Starting with the line that contains "PALMER HARDING 100%" and ending with the final line of the data below, print those lines exactly and nothing else.

━━ Material for this task

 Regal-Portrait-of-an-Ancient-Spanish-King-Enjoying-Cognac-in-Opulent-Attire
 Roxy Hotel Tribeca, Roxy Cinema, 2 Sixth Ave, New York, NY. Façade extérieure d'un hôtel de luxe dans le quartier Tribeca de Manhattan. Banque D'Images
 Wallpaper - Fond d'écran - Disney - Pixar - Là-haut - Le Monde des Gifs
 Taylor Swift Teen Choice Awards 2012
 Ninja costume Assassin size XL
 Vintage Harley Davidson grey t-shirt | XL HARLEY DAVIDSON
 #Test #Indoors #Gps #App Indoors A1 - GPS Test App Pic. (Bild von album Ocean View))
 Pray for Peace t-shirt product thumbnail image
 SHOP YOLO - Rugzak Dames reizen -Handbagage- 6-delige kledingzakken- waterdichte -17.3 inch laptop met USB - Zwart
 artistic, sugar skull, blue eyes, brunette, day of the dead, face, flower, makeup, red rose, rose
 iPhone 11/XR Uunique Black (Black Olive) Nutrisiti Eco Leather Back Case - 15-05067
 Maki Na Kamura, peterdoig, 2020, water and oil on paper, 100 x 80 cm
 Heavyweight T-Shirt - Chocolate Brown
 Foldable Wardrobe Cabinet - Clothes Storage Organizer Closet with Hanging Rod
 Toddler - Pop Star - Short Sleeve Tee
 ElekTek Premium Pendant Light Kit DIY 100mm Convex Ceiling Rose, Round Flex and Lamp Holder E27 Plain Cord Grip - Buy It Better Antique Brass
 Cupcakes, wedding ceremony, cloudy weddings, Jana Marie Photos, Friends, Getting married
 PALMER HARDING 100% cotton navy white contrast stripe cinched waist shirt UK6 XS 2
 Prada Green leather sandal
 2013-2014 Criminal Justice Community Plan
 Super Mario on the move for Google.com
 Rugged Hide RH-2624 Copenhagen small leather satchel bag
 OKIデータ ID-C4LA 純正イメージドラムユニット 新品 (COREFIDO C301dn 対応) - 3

━━━━

[Exercise answer]:
 PALMER HARDING 100% cotton navy white contrast stripe cinched waist shirt UK6 XS 2
 Prada Green leather sandal
 2013-2014 Criminal Justice Community Plan
 Super Mario on the move for Google.com
 Rugged Hide RH-2624 Copenhagen small leather satchel bag
 OKIデータ ID-C4LA 純正イメージドラムユニット 新品 (COREFIDO C301dn 対応) - 3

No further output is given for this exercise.